WO2005029148A1 - Multiphoton fluorescence microscope with plane array detector - Google Patents
Multiphoton fluorescence microscope with plane array detector Download PDFInfo
- Publication number
- WO2005029148A1 WO2005029148A1 PCT/EP2004/010269 EP2004010269W WO2005029148A1 WO 2005029148 A1 WO2005029148 A1 WO 2005029148A1 EP 2004010269 W EP2004010269 W EP 2004010269W WO 2005029148 A1 WO2005029148 A1 WO 2005029148A1
- Authority
- WO
- WIPO (PCT)
- Prior art keywords
- radiation
- sample
- excitation
- detector
- lurninescence
- Prior art date
Links
- 230000005855 radiation Effects 0.000 claims abstract description 60
- 230000005284 excitation Effects 0.000 claims abstract description 42
- 238000004020 luminiscence type Methods 0.000 claims description 21
- 238000001514 detection method Methods 0.000 claims description 10
- 238000000386 microscopy Methods 0.000 claims description 10
- 230000003595 spectral effect Effects 0.000 claims description 8
- 238000000034 method Methods 0.000 claims description 6
- 239000007787 solid Substances 0.000 claims description 4
- 238000000354 decomposition reaction Methods 0.000 claims description 2
- 230000004936 stimulating effect Effects 0.000 claims description 2
- 239000000523 sample Substances 0.000 description 35
- 230000003287 optical effect Effects 0.000 description 4
- 230000000694 effects Effects 0.000 description 3
- 238000003384 imaging method Methods 0.000 description 2
- 238000001748 luminescence spectrum Methods 0.000 description 2
- 239000000203 mixture Substances 0.000 description 2
- 238000011144 upstream manufacturing Methods 0.000 description 2
- 238000013459 approach Methods 0.000 description 1
- 239000012620 biological material Substances 0.000 description 1
- 239000012472 biological sample Substances 0.000 description 1
- 230000015572 biosynthetic process Effects 0.000 description 1
- 238000004624 confocal microscopy Methods 0.000 description 1
- 238000010276 construction Methods 0.000 description 1
- 239000006059 cover glass Substances 0.000 description 1
- 230000001419 dependent effect Effects 0.000 description 1
- 238000006073 displacement reaction Methods 0.000 description 1
- 238000011156 evaluation Methods 0.000 description 1
- 238000002189 fluorescence spectrum Methods 0.000 description 1
- 230000004907 flux Effects 0.000 description 1
- 238000000265 homogenisation Methods 0.000 description 1
- 230000000873 masking effect Effects 0.000 description 1
- 238000002311 multiphoton fluorescence microscopy Methods 0.000 description 1
- 238000004621 scanning probe microscopy Methods 0.000 description 1
- 238000010183 spectrum analysis Methods 0.000 description 1
- 230000001629 suppression Effects 0.000 description 1
Classifications
-
- G—PHYSICS
- G02—OPTICS
- G02B—OPTICAL ELEMENTS, SYSTEMS OR APPARATUS
- G02B21/00—Microscopes
- G02B21/16—Microscopes adapted for ultraviolet illumination ; Fluorescence microscopes
-
- G—PHYSICS
- G02—OPTICS
- G02B—OPTICAL ELEMENTS, SYSTEMS OR APPARATUS
- G02B21/00—Microscopes
- G02B21/36—Microscopes arranged for photographic purposes or projection purposes or digital imaging or video purposes including associated control and data processing arrangements
Definitions
- the invention relates to a multi-photon luminescence microscope with an excitation beam path that has an objective that bundles excitation radiation in a focal point in the sample, a scanning device that adjusts the focal point at least one-dimensionally, and a detector device that in the sample luminescent radiation stimulated by multi-photon excitation.
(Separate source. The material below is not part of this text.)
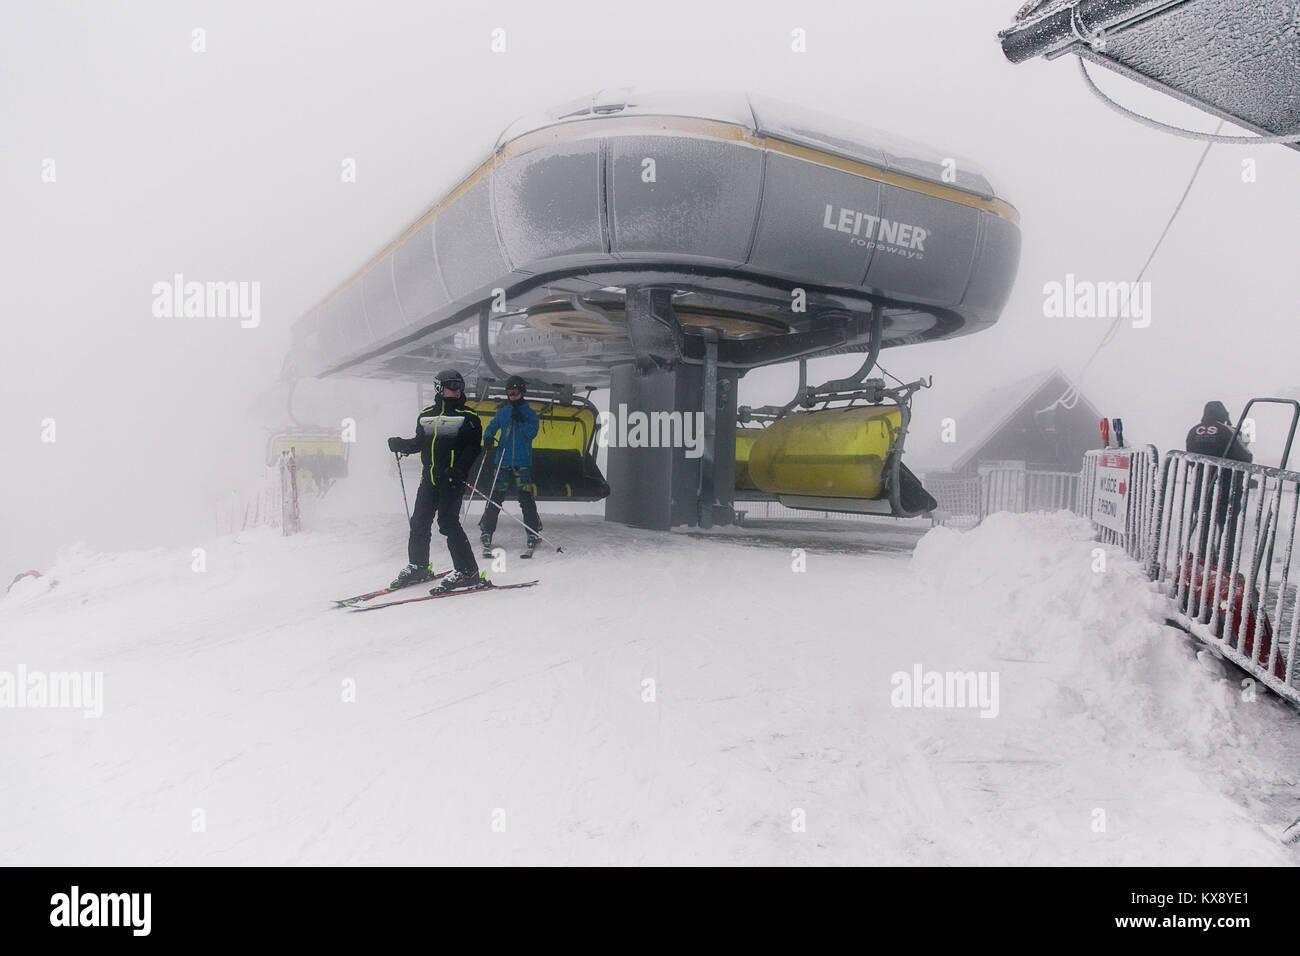 Skifahrer, der Sesselbahn auf dem Gipfel Der Berg Skrzyczne in Schnee auf einem nebligen Wintertag in Szczyrk ski resort in Polen Stockfoto

- the invention further relates to a method for multi-photon luminescence microscopy, in which excitation radiation is concentrated in a focus point lying in a sample, thereby stimulating luminescence radiation in the sample by multi-phone excitation, the focus point is adjusted for scanning the sample and the Luminescence radiation is detected.
- a bundled excitation radiation usually laser radiation, which is matched to maximum luminescence, is usually used for this purpose.
- the excitation takes place in the focus area, luminescence also being stimulated in the incident or emerging light cone of the focused beam.
- the luminescence radiation is recorded by confocal detection only from the area of the focus of the excitation radiation. An image is created by scanning a sample.
- the excitation radiation is selected spectrally in such a way that at least two photons are required to effect an excitation. Since the probability of excitation is thus greatly reduced, effective excitation can only take place at a very high flux density, which is only given exactly in the focus of the bundled excitation radiation. Therefore, emission of luminescence or fluorescence radiation is only stimulated at the focal point.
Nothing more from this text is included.